Effects of switching from oral administration to intravenous injection of l-carnitine on lipid metabolism in hemodialysis patients

Kei Fukami 1, Sho-ichi Yamagishi 2, Kazuko Sakai 1, Makoto Nasu 1, Seiya Okuda 1
PMCID: PMC4379340  PMID: 25878778

Abstract

Background

Carnitine deficiency may contribute to cardiovascular disease (CVD) in patients with hemodialysis (HD). Dyslipidemia plays a role in CVD and its prevalence is also high in HD patients. We examined here the effects of switching from oral administration (PO) to intravenous (IV) injection of l-carnitine on lipid metabolism in patients with HD.

Methods

Nine HD patients who had received l-carnitine orally (900 mg/day) for 1 year were enrolled in this study. We examined whether lipid parameters were improved by switching to IV injection therapy of 1000 mg l-carnitine.

Results

IV injection of l-carnitine for 1 week significantly increased total, free and acyl carnitine levels both before and after HD. Switching to IV injection therapy for 1 and 4 weeks decreased serum free fatty acid (FFA) (322 ± 104 versus 261 ± 124 µmol/L) and increased high-density lipoprotein-cholesterol levels (1.46 ± 0.49 versus 1.63 ± 0.62 mmol/L), respectively. Change in FFA values from the baseline (ΔFFA) was positively correlated with the Δacyl/free carnitine ratio (r2 = 0.553, P = 0.022).

Conclusion

This study demonstrated that switching to IV l-carnitine therapy from oral supplementation improved lipid profiles, thus supporting the clinical utility of IV administration of l-carnitine for the treatment of patients on HD.

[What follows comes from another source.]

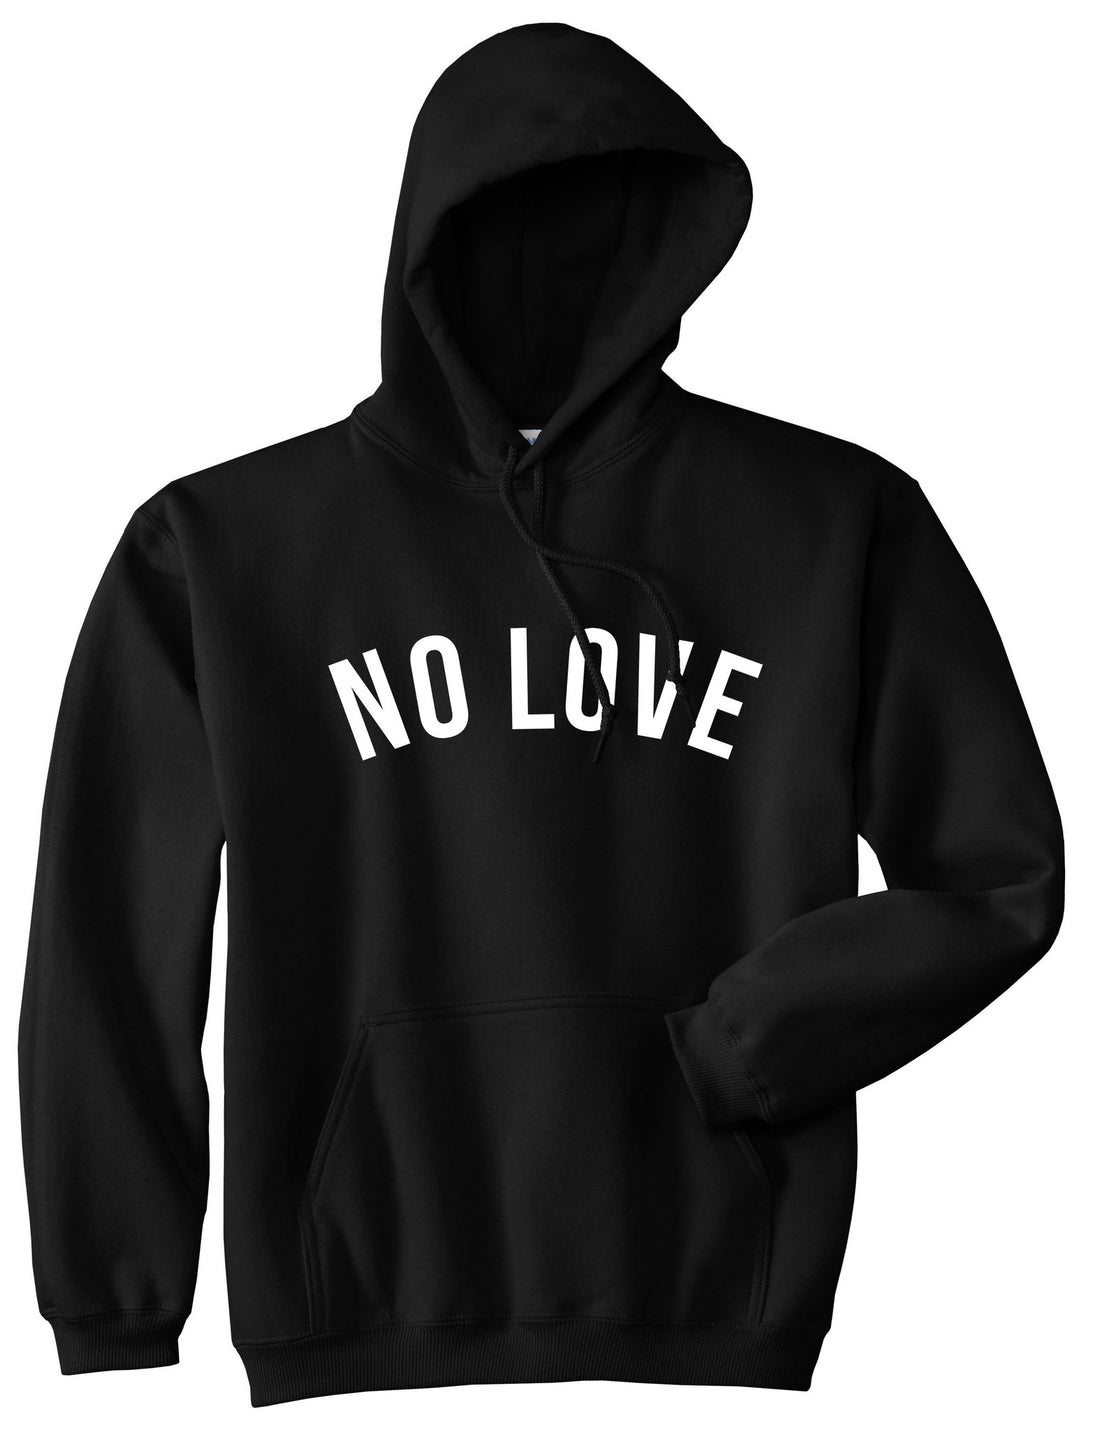 No Love Pullover Hoodie Hoody in Black by Kings Of NY

Keywords: free fatty acid, HDL-cholesterol, hemodialysis, l-carnitine

Introduction

Carnitine is a natural substance, which is not only supplied through the intake of protein-rich foods, but also synthesized by the liver, kidney and brain, and excreted from the kidney in humans [1]. Because about 80% of serum carnitine is eliminated from the blood via hemodialysis (HD) [1, 2], carnitine deficiency is often observed in patients with HD.

Carnitine participates in fatty acid β-oxidation and energy production by transporting long-chain fatty acids from the cytoplasm to mitochondria, in particular, in muscles [3]. Carnitine also regulates the function of mitochondrial respiratory chain, energy production and elimination of excess intracellular fatty acids. Therefore, carnitine deficiency may cause muscle weakness and cardiac hypertrophy in humans [4, 5]. In addition, l-carnitine supplementation has been reported to inhibit arrhythmias, increase cardiac output and exercise capacity and improve muscle symptoms in HD patients [6]. Moreover, we have recently found that carnitine deficiency is associated with decreased testosterone and increased pentosidine levels in patients with HD [7], thus suggesting that HD-related loss of carnitine might be involved in accelerated atherosclerosis and the high prevalence of cardiovascular disease (CVD) in these subjects.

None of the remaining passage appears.